5-channel audio mixer uses simple passive resistor network. Capacitor C9 is used for passive, first order low-pass RC filter. Pull-up resistor R14 is used in two-step volume level control circuit. As all outputs are pure binary (on-off), low volume level is managed by software, when the output port pins are held in open-drain state (selectable in ODCA and ODCB registers), as in that case resistors R14-R20 create additional voltage attenuator, for each output individually.
Video processors are not typically embedded in microcontrollers, so using the external video display unit is considered in gaming consoles. As this is the minimalistic project, VGA video signal is generated by software, based on interrupt driven kernel.
The routine which generates VGA signal is the part of T2 (Timer 2 module) interrupt service routine. This routine also services vertical sync pulse, markers for monitor auto adjustment and the bottom line text routine. At this version, no other interrupts are active, but the user can add his own interrupt sources, as long as they have lower priority level.
VGA timings for resolution 800x600 in 56Hz refresh rate are represented on the drawing. Here are detailed timings data:
Pixel clock: 36 MHz (13.89 ns)
Horizontal frequency/period: 35.16 KHz (28.44 us)

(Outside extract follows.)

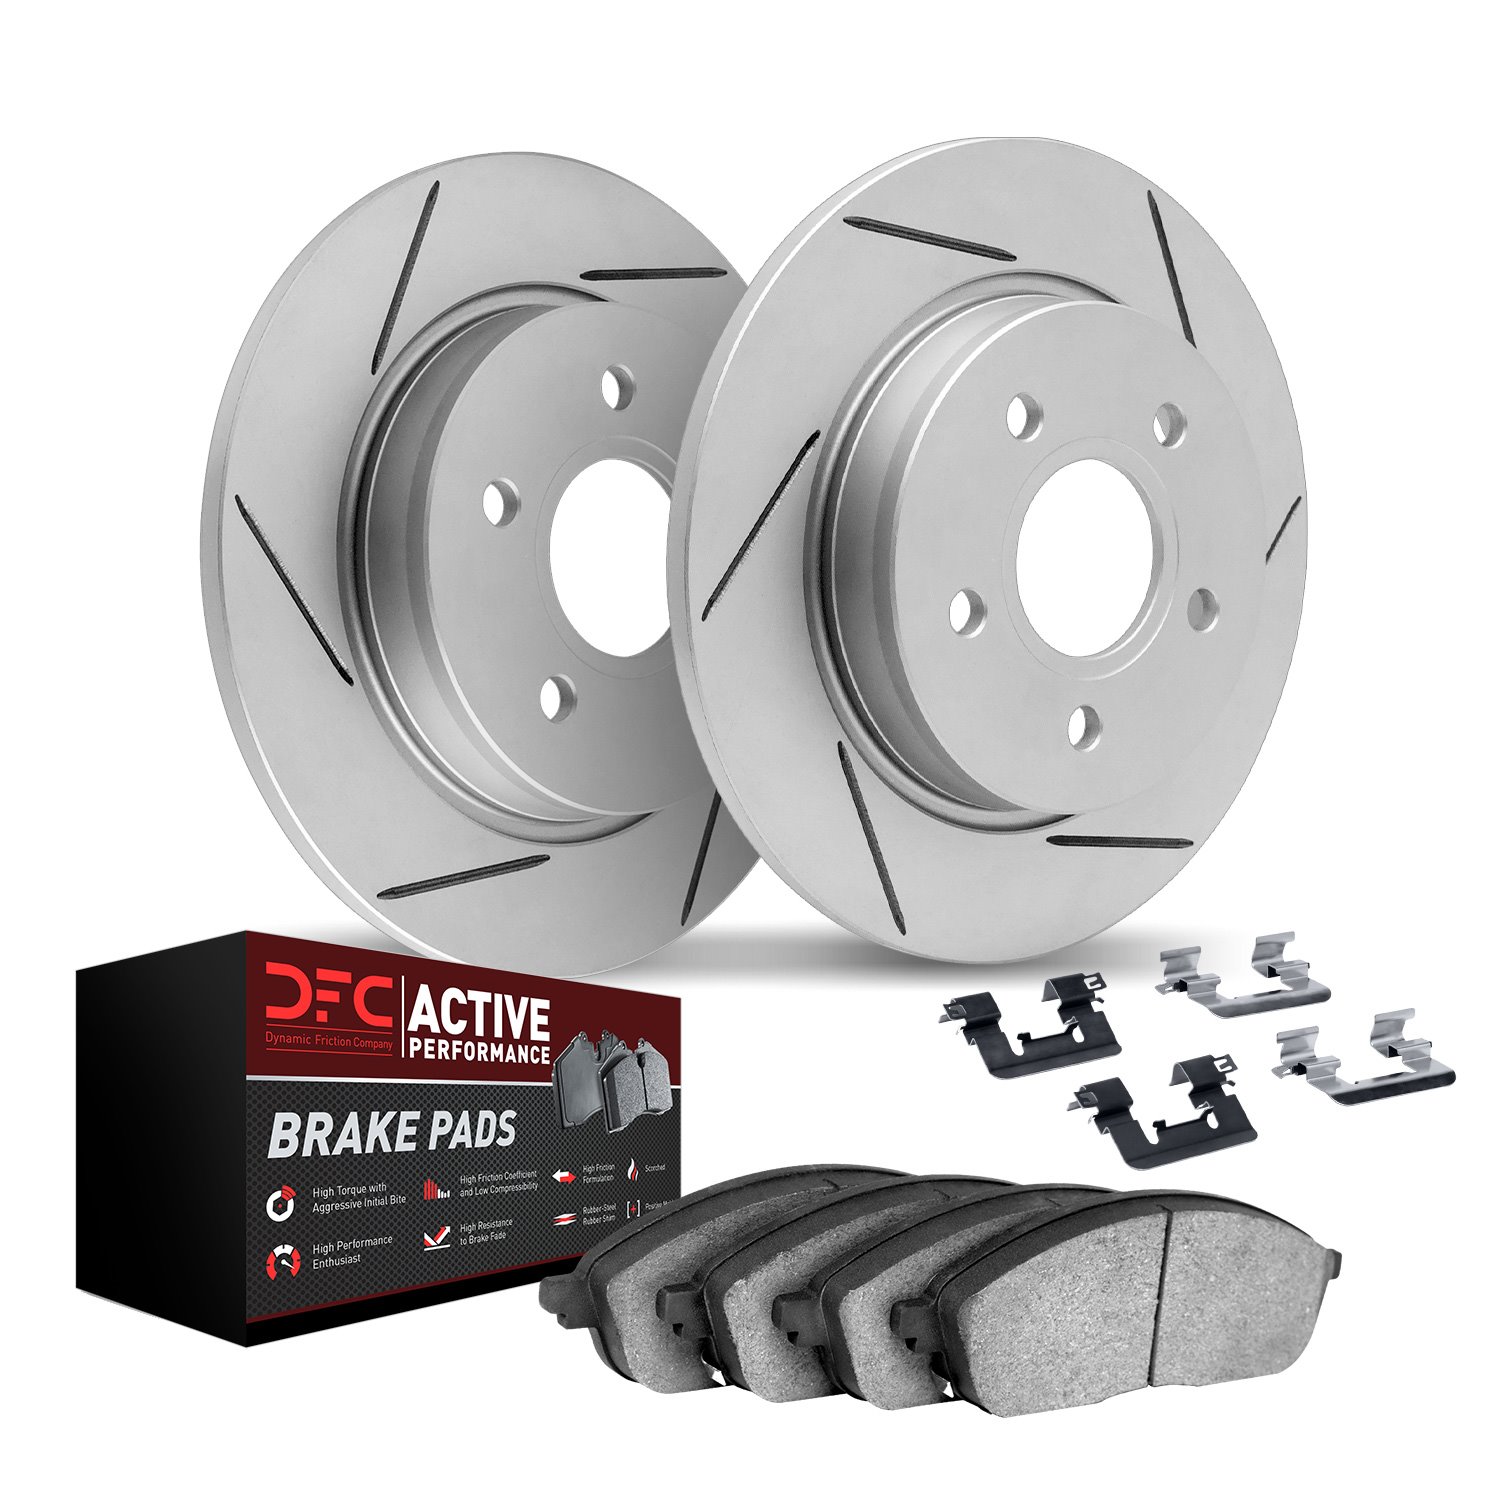 2712-32030 Geoperformance Slotted Brake Rotors with Active Performance Pads Kits & Hardware, Fits Select Mini, Position: Rear

Visible area: 800 pixels (22.22 us)
Front porch: 24 pixels (0.67 us)
Sync pulse: 72 pixels (2 us)
Back porch: 128 pixels (3.56 us)
Vertical frequency/period: 56 Hz (17.86 ms)
Visible area: 600 lines (17.067 ms)
Front porch: 1 line (28.44 us)
Sync pulse: 2 lines (56.89 us)
Back porch: 22 lines (625.78 us)
Whole frame: 625 lines (17.78 ms)
Dot clock for 800x600 resolution @ 56 Hz vertical frequency is exactly 36 MHz, and the maximum execution speed for PIC24E family is 70 MIPS. So the MCU has to be slightly overclocked to 72 MHz to get the desired instruction/pixel clock rate. This overclocking is only 2.8%, which is negligible and will not noticeable affect operational safety or thermal dissipation.
As it was noted, each pixel takes the place of 2x2 pixels screen area, so the actual dot clock is not 36 but 18 MHz. That gives enough time to the processor to execute four instructions in one pixel timing. In addition, every scan line is displayed four twice, so there is even more time for buffer setup during horizontal sync and porches.
Video memory is located in internal 48 KB RAM, where it occupies 45600 bytes. All video signal timings match VGA standard in 800x600 mode, but, due to RAM limitations, the actuual displayed resolution is only 380x240, and it is displayed on 760x480 pixels original screen area.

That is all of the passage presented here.